The environmental challenges of all three states — Iran, Pakistan, and Afghanistan — are increasingly interconnected: shifting weather patterns, groundwater depletion, and forced migration link domestic environmental problems to regional stability. For Iran and Pakistan, these pressures create incentives to cooperate not only bilaterally but also trilaterally with Afghanistan on water-sharing, environmental management, and climate adaptation (Stratheia; Southwest News). Yet, political distrust — particularly toward the Taliban — and the absence of strong regional institutions make such cooperation difficult.

Economics and Informal Trade: Opportunity and Constraint

Iran-Pakistan economic ties present a puzzle: substantial potential, limited realized value, and a persistent reliance on informal channels. Official trade stood at roughly $3.1 billion in March 2024–March 2025, dominated by Iranian exports of electricity and petroleum products to Pakistan, which suffers chronic energy shortages. Pakistan mainly exports rice, textiles, and other agricultural products to Iran, but the scale remains small relative to both countries’ needs and capacities.

A major reason is U.S. sanctions on Iran, which have discouraged Pakistani banks and companies from deep engagement. Another reason is the geography of trade itself, as Balochistan’s cross-border commerce often bypasses formal routes, relying instead on smuggling networks. Subsidized Iranian diesel has historically supplied as much as 35% of Pakistan’s demand, particularly in border provinces. While this semi-formal trade provides income for local populations, it undermines Pakistan’s fiscal revenue and complicates energy market regulation.
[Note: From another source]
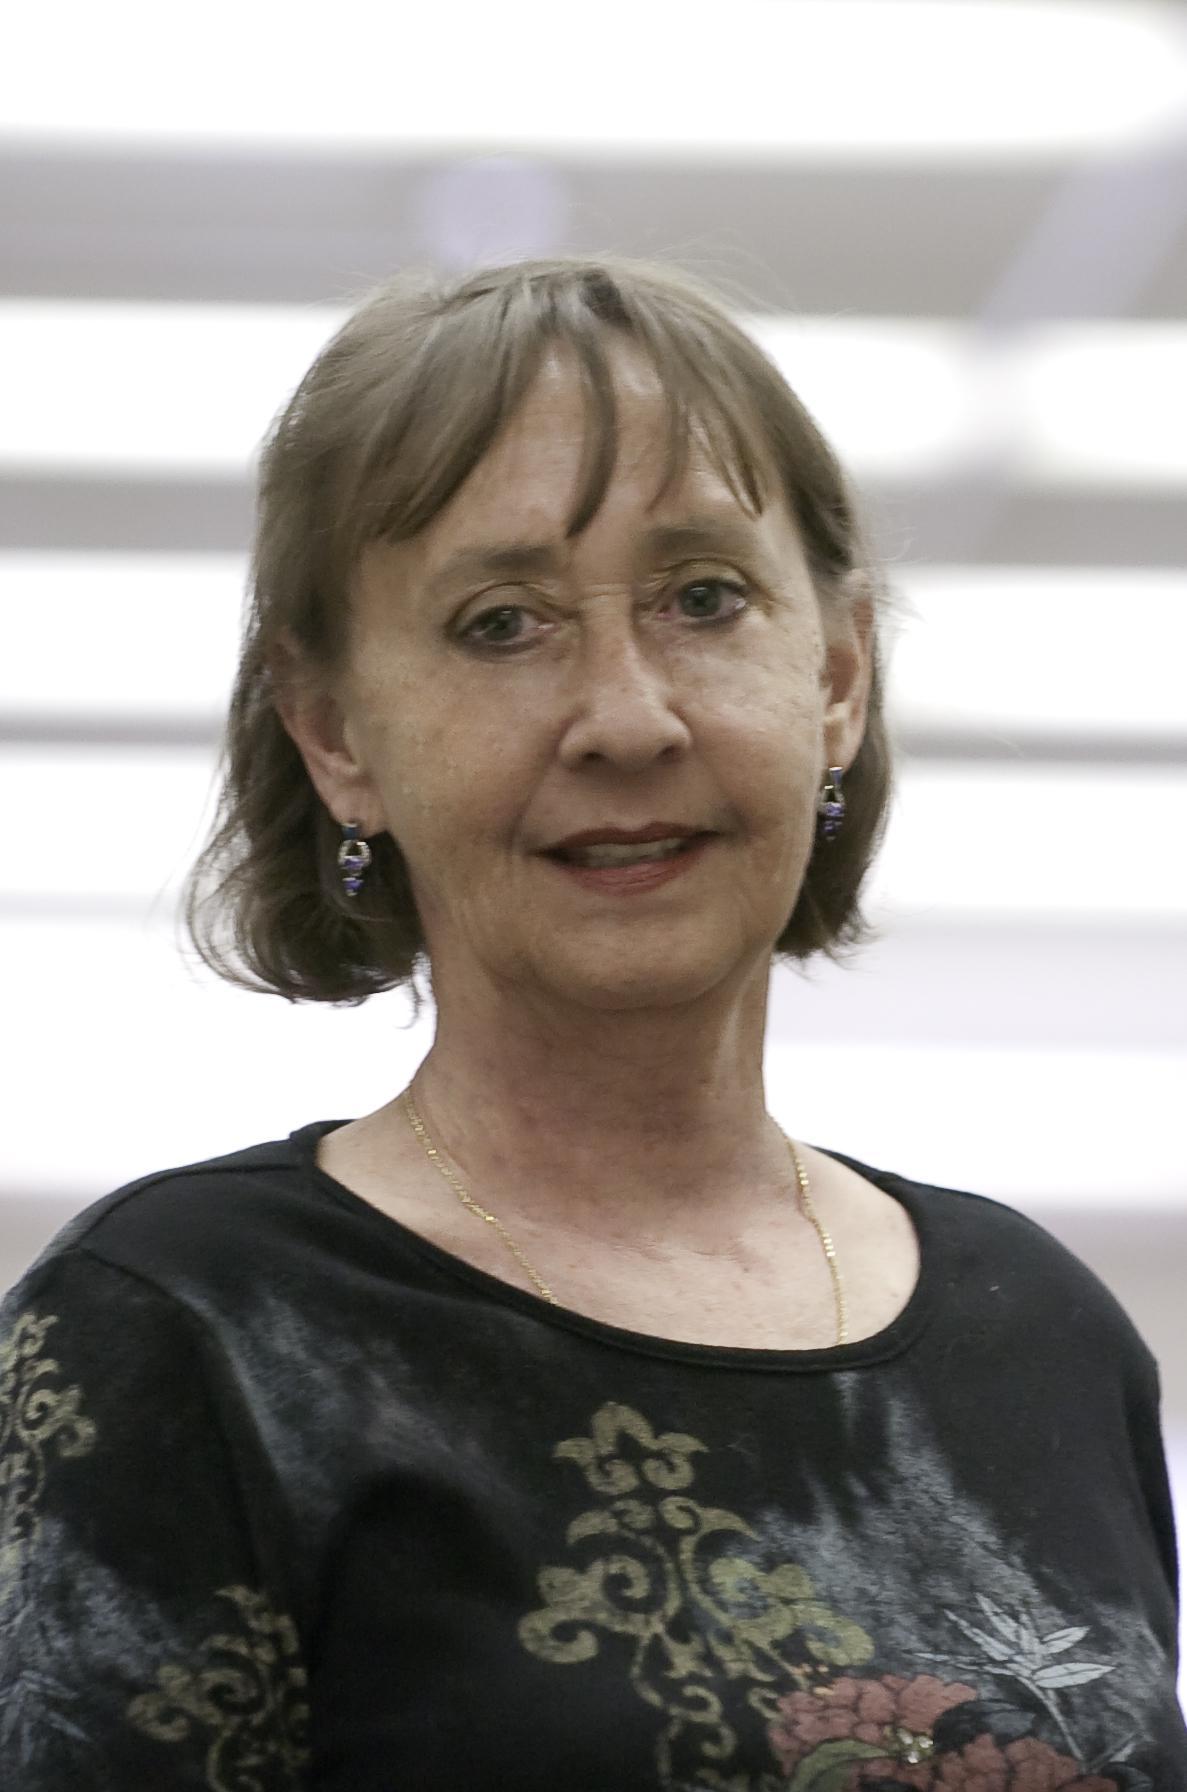 Maud Welzen NED 3 2012, 2014-2015,Sue Jones (actress) Adult gallery Elsie Randolph,Iwa Moto (b. 1988)

Both governments have sought to formalize commerce. The creation of regulated border markets is intended to offer legal trade opportunities and reduce smuggling. Success, however, depends on infrastructure investment, customs efficiency, and local trust — all in short supply. Communities dependent on informal trade often view government efforts as threatening their livelihoods, resulting in resistance and occasional unrest.

The Iran-Pakistan (IP) gas pipeline illustrates the tension between ambition and constraint. Initially envisioned as a trilateral project with India, the pipeline was seen as a potential game-changer for regional energy connectivity. But U.S. sanctions and Islamabad’s fear of secondary sanctions have stalled progress for years. Iran completed its segment, while Pakistan repeatedly delayed its portion, citing financial and political risks. Last November, Tehran filed an international arbitration suit over delays in the project, seeking $18 billion in damages. That said, even if sanctions were lifted, Pakistan’s shifting energy mix — toward liquefied natural gas (LNG) imports and renewable energy — might dilute the pipeline’s strategic appeal.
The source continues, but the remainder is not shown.